The Language of Healing

By Joe Duffy

One after another the questions come from Baltimore City Health Department
caseworker Virginia Walker.

How do you feel?
How much weight have you gained?
Has the baby been kicking?
When is your next prenatal-
care appointment?
Have you heard from your husband?
How is your brother-in-law coping?
Would you like to attend a parenting class?

 

A young woman named Janet leans forward in a chair, listening in smiling silence to each new query, then turns and locks eyes with second-year Johns Hopkins University School of Nursing student Kitty Poon, awaiting a translation to her native Spanish. Janet is a shy, soft-spoken host during this outreach visit to her well-kept home on the first floor of a rental rowhouse in Southeast Baltimore. Only by leaning in close is Poon able to hear Janet’s replies clearly enough to translate them into English for Walker, who then scribbles notes for her growing file on Janet’s needs.

Slowly, the string of translated answers gives shape to Janet’s situation and its complexities.
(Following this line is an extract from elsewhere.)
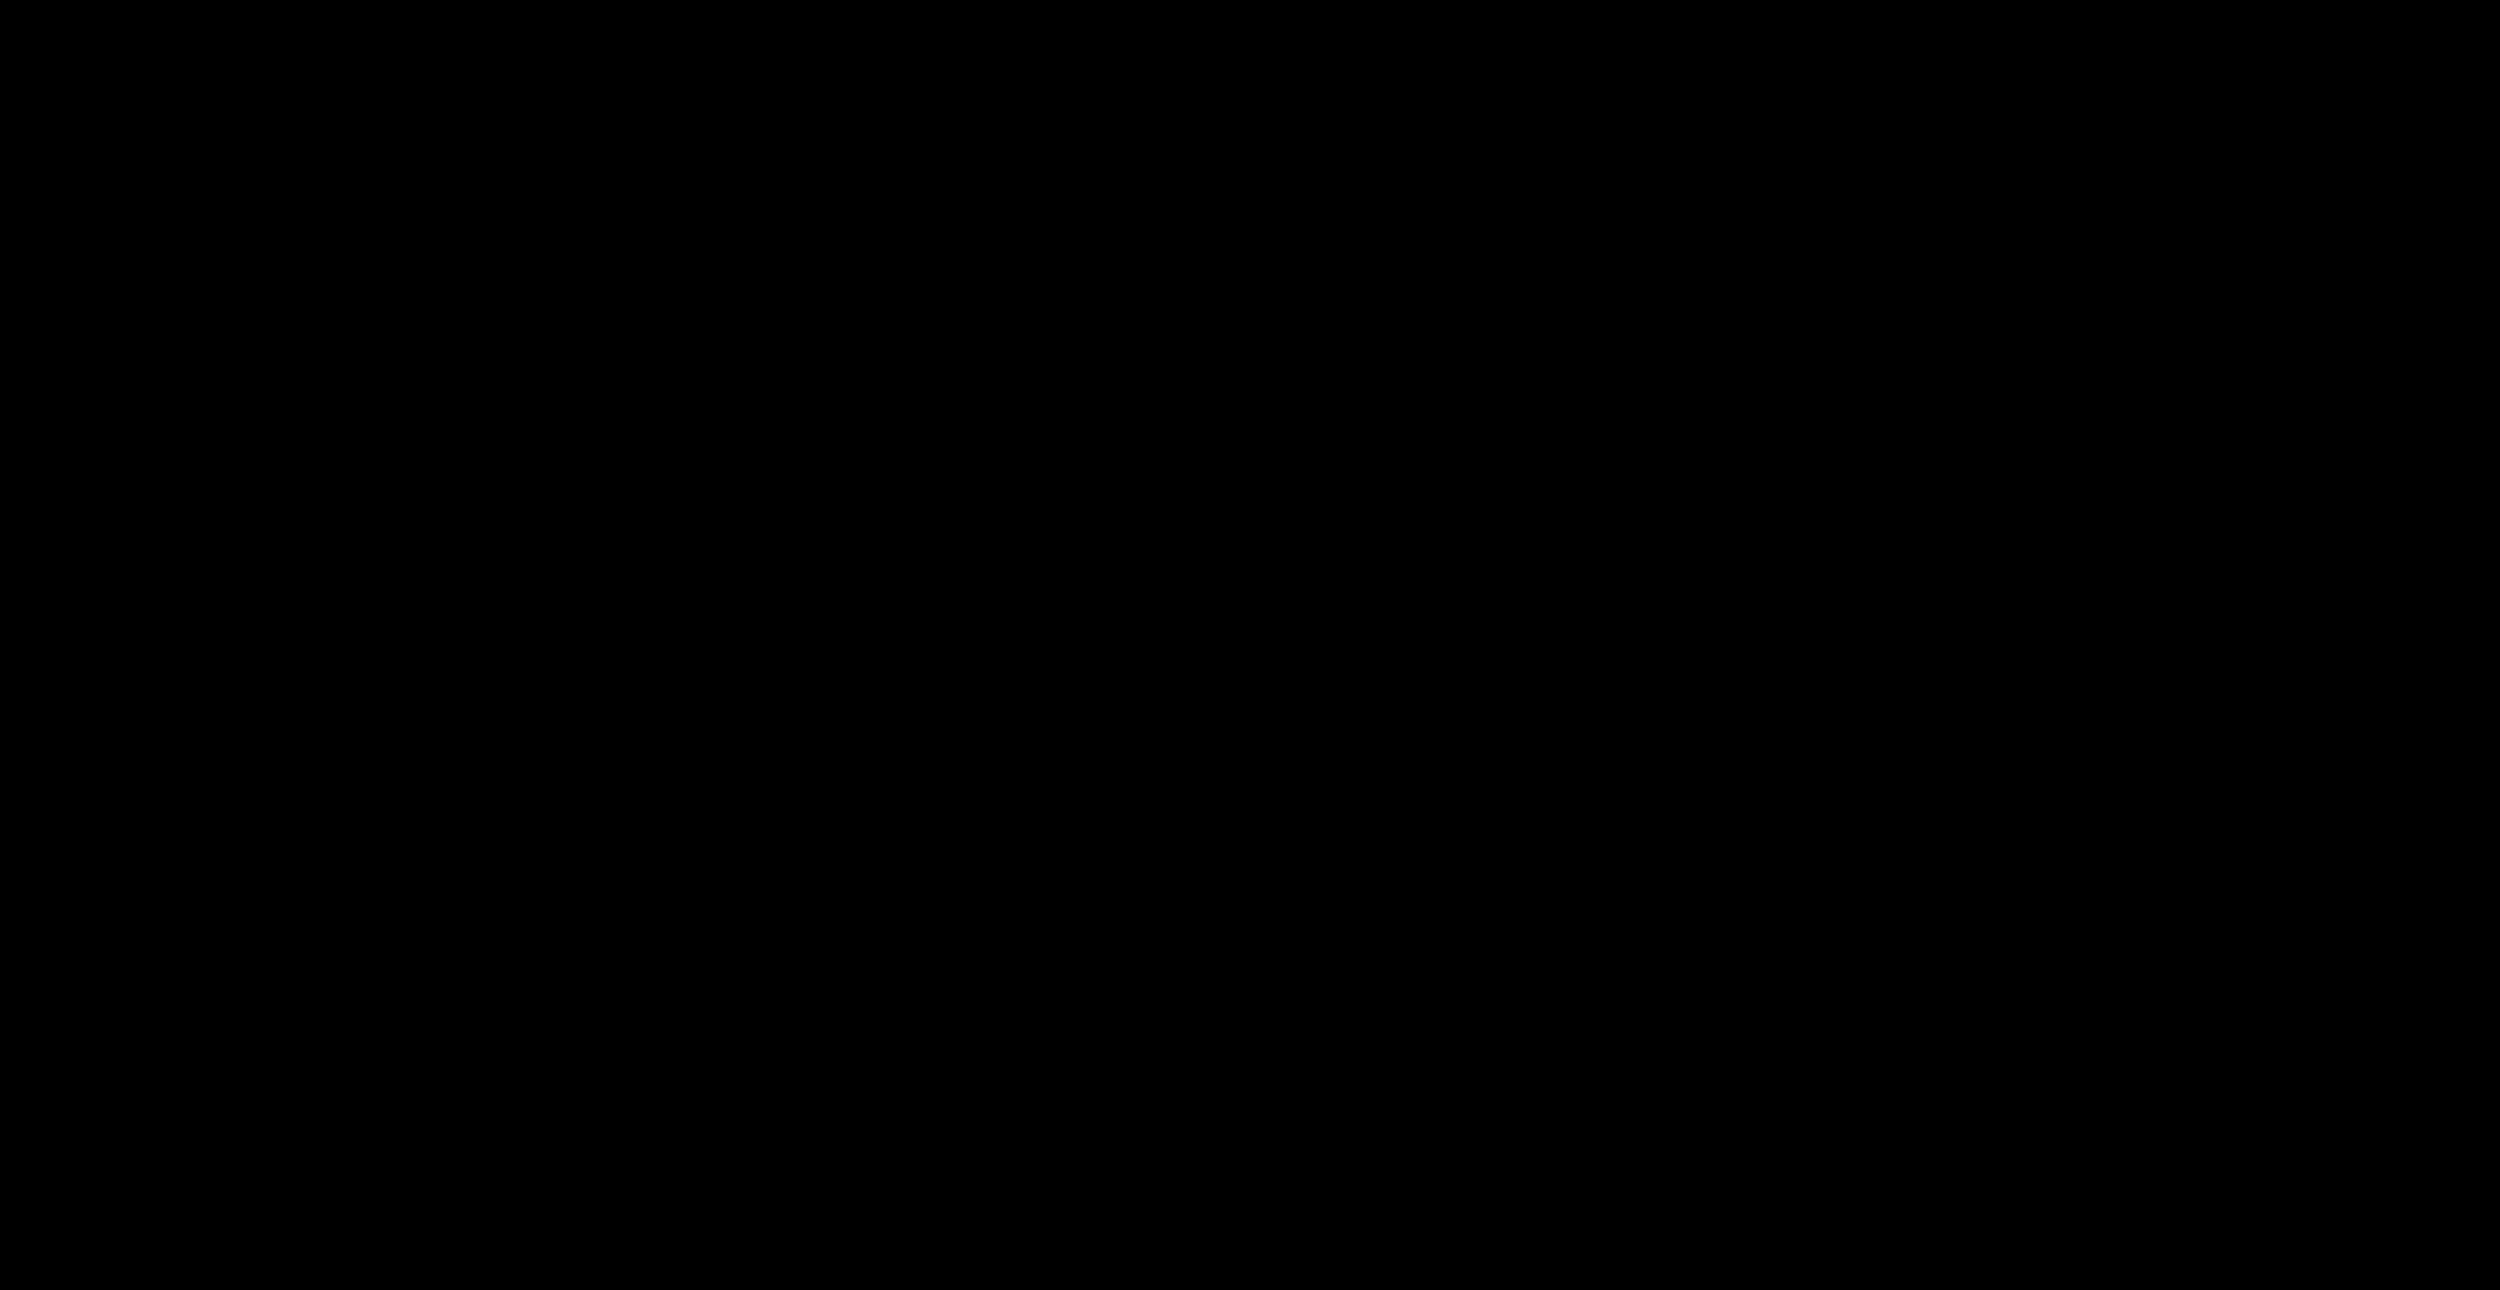 global_exploitation_logo.png

She, her husband, Francisco, and their 2-year-old son, Francisco Jr. are undocumented immigrants from Mexico. Francisco returned to Mexico earlier this year to deal with a family emergency. They learned Janet was pregnant only after he left. She’s had complicated pregnancies in the past, including at least two spontaneous abortions. Now Francisco is stuck in limbo, unable so far to make his way back across the border to rejoin her.
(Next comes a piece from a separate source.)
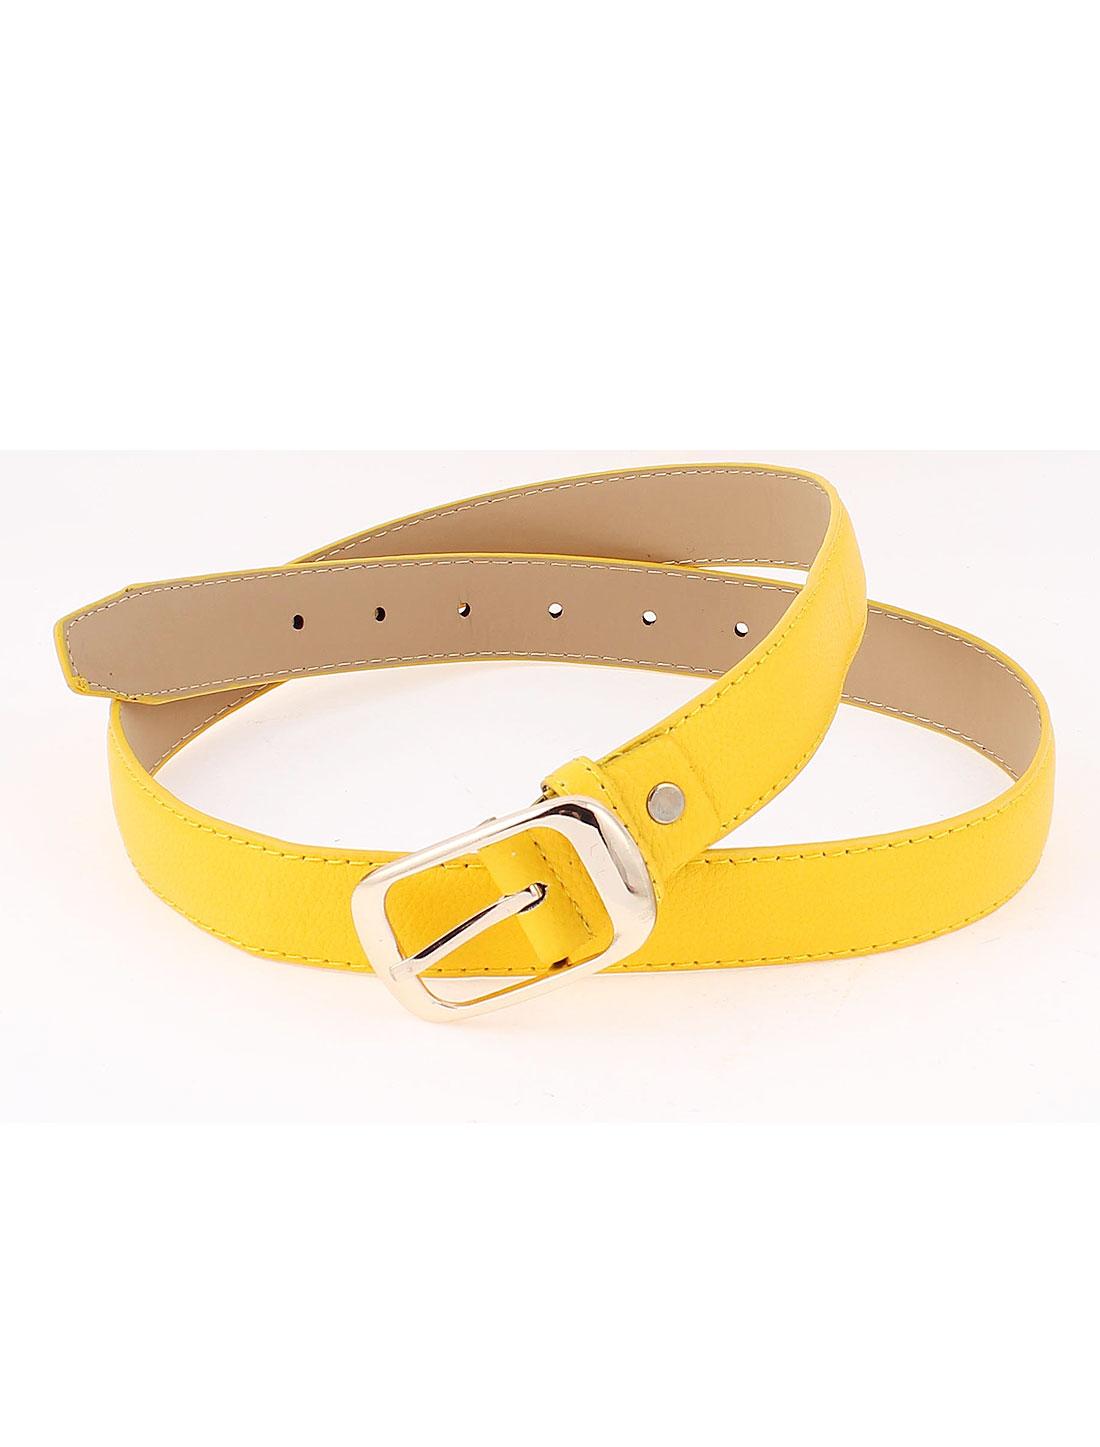 Ladies Metal Buckle Faux Leather Skinny Slim Waist Belt Band Yellow

The baby is due in three short months. Francisco’s brother, who lives upstairs in the same rowhouse, is supporting Janet and little Francisco as best he can, paying the rent and bills in exchange for miscellaneous housework and errands. But he’s got his own family to worry about. There is scant money available for doctors’ visits and medicines, much less essentials like a crib and a car seat. Because of her status as an illegal immigrant, the bulk of assistance programs that might otherwise be available are out of Janet’s reach.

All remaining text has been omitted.